El resplandor empezaba a apagarse. El paracaídas de la bengala había quedado cogido en la copa de un árbol cercano.

He aquí lo que Eliza me dijo a mí y a la gente que se encontraba en los alrededores:

¡Oh! ¿Cómo puedo cantar tus méritos

cuando eres la mejor parte de mí misma?

¿De qué me servirá alabarme?

¿Y qué hago cuando te alabo sino cantar mi propia alabanza?

Por esto vivamos separados

y que nuestro caro amor deje de ser una sola cosa

y que por esta separación pueda darte

lo que te es debido, lo que tú solo mereces.

* * *

Formé bocina con las manos y la llamé, y luego agregué algo audaz, algo que sentía auténticamente por primera vez en mi vida:

—¡Eliza! ¡Te amo! —grité.

La oscuridad era completa en ese momento.

—¿Me has oído, Eliza? ¡Te amo! ¡Te amo de verdad!
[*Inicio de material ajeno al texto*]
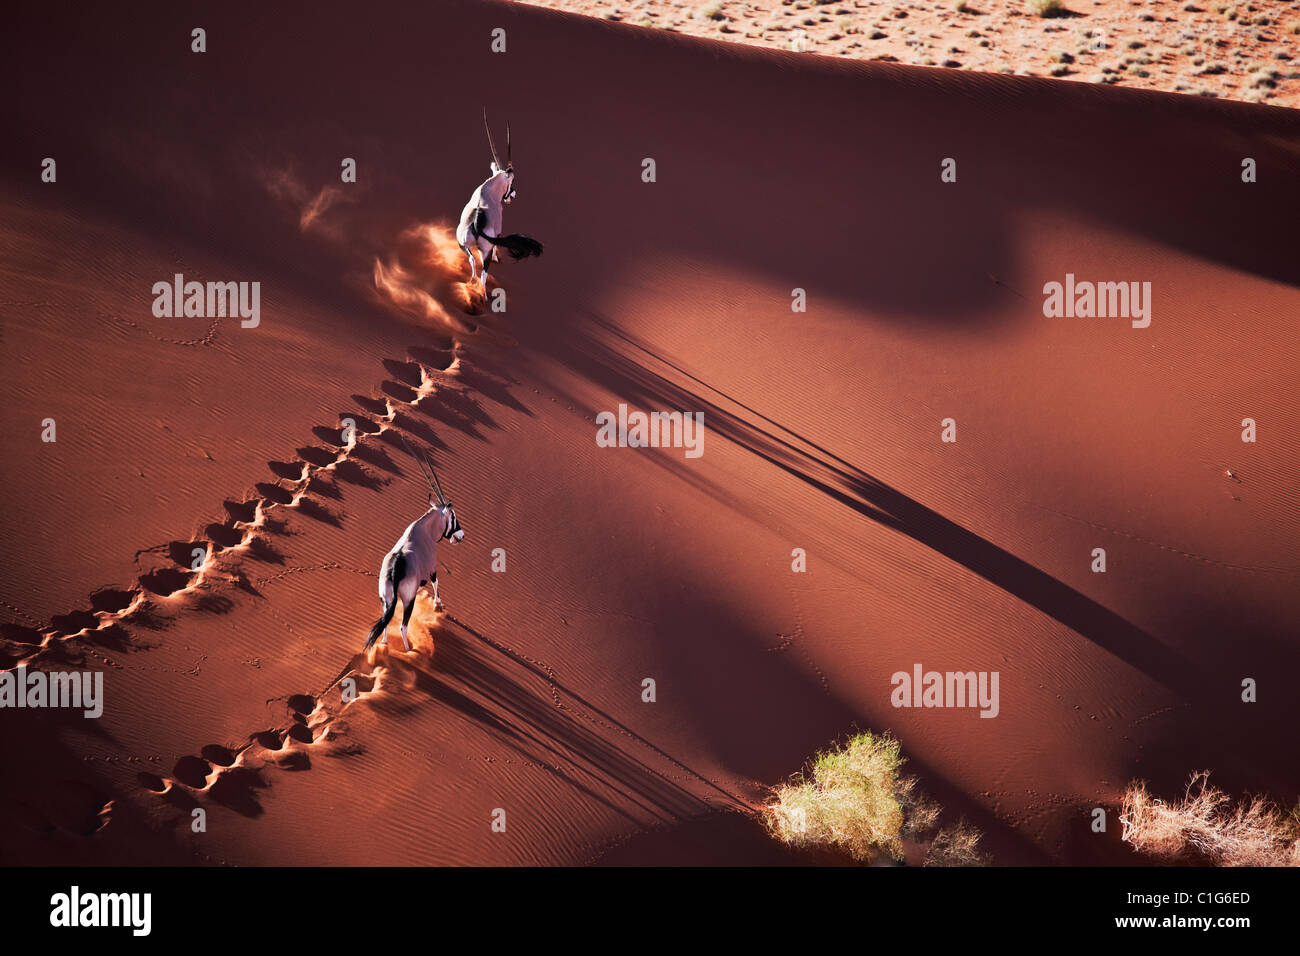 Gemsbok (Oryx gazella) In tipico habitat Deserto Deserto Namibiano dune di sabbia Foto Stock

—Te he oído —respondió—. Nadie debería nunca decir eso a otra persona.

—Lo digo en serio.

—Entonces yo a mi vez también te diré algo, hermano mío, mi gemelo.

—¿Qué?

Sus palabras, que resonaron en la oscuridad, fueron las siguientes:

—Que Dios guíe la mano y la mente del doctor Wilbur Rockefeller Swain.

* * *

Y el helicóptero se alejó.

Hi ho.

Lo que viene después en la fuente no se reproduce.